実精霊トリアイナ-3
猛り狂う暴風が、スーツの男とアオイを飲み込んだ。アオイはお腹が持ち上がるような感覚と共に、足が地面から離れていくのを感じ、近くにいたチリシィを手繰り寄せる。
「大丈夫。この風はキミには襲いかからないよ」
トリアイナの声が聞こえるのと同時に、アオイは身体がしっかりと平衡感覚を保っていることに気がついた。
おずおずとチリシィから離れると、自分が地面に立っていながらも身体が浮き上がっているような、そんな不思議な感覚に身を包まれる。
「さて……お仕置きの時間だ」
「ぐうっ……!」
大気中のマナ全てを震わせるような声を轟かせ、トリアイナが嵐の中から姿を現わす。
「で──」
その姿を見て、アオイは絶句した。
一枚一枚が、アオイの身長を頭二つ上回ろうかというほどの大きさをした羽。先ほどまでは人の部分があった腕は、力強く羽ばたく巨大な翼に変わり、人型の顔は鱗に覆われている。
「でっかい……!」
トリアイナが一つ羽ばたくたびに新たな風が生まれ、嵐の中に加わっていくのを見て、アオイは本能的に理解した。
──ここはトリアイナの腕の中。今自分たちの命は、彼女のさじ加減一つで決まる。
「く、クソ!こんな、このようなことが!このようなことがあってたまるものですか!」
だからこそ、今スーツの男は風になぶられ、まともに上下すらわかっていない有様だった。
むちゃくちゃに腕を振り回し、千切れたビニールのように舞う姿を見ていると、愉快さよりも恐怖が湧き上がってくる。
「あってたまるから、古の人々はボクたちを畏れたのさ。自然を侮ったことも、精霊に命を奪われることも、キミたちにとってすごく悲しいことなんだ」
風が突如男の腿を裂いた。
「──っ⁉︎ぐあああああああ‼︎」
男は絶叫し、アオイは思わず口を塞ぐ。
「そのための暴力装置。因果応報をもたらす脅威がボクたち実精霊だ。確かにお前の言うように形骸化した信仰と概念でしかないけれど……それでも確かに存在している。だから裁く。ボクが討つ。キミは、世界にとっての癌でしかない」
「おのれ……精霊風情が‼︎」
「そう吠えるなよ」
手の指が、男の身体から離れた。足の指も、同じようにして風に捥がれる。

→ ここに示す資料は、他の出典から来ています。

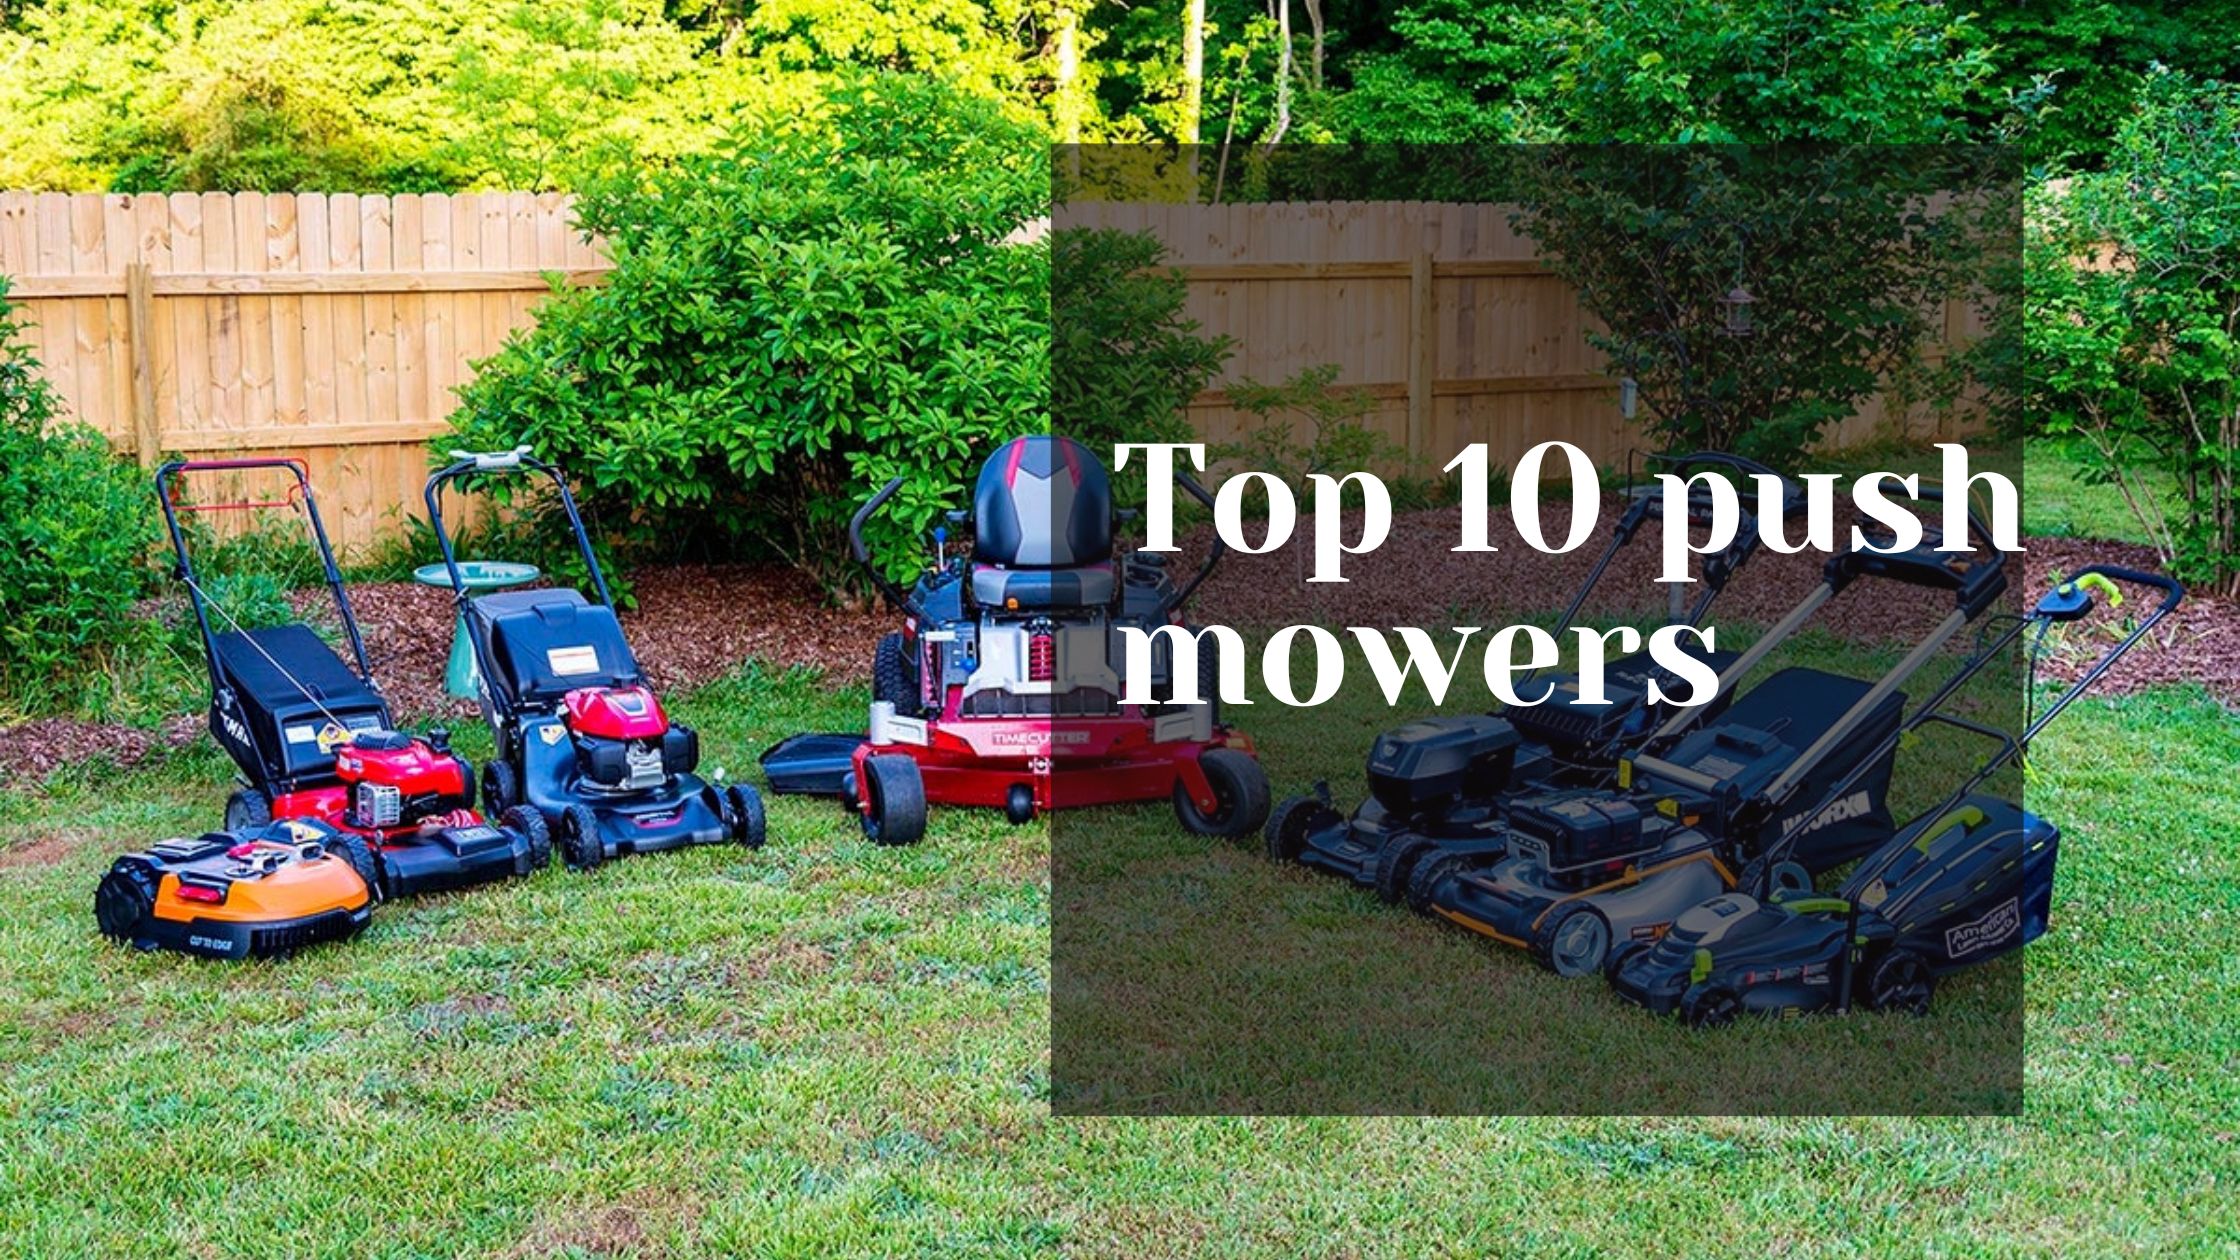 Top 10 push mowers

よく出来た人形を解体していくかのように、男の身体はパーツごとにバラバラになっていった。
アオイは吐かないように堪え、目をそらしてチリシィに身体を預ける。
「──ハハハハハハハッ!」
アオイはびくっとして思わず顔を上げる。スーツの男の嗤い声。
見たくもないのに、アオイの視線は、細切れにされていく男に吸い込まれた。
「そう。これだ……お前たちには破壊しかない。そのための再生が訪れない!未来など──」
嗤い声は再び悲鳴に変わる。しかし、その悲鳴の中から今にも不気味な嗤い声が聞こえてきそうで、アオイは耳を塞ぎ、目を閉じて、風の中に身を委ねた。
「悪あがきを」
恐ろしい風の声が響く。それきり悲鳴は聞こえなくなった。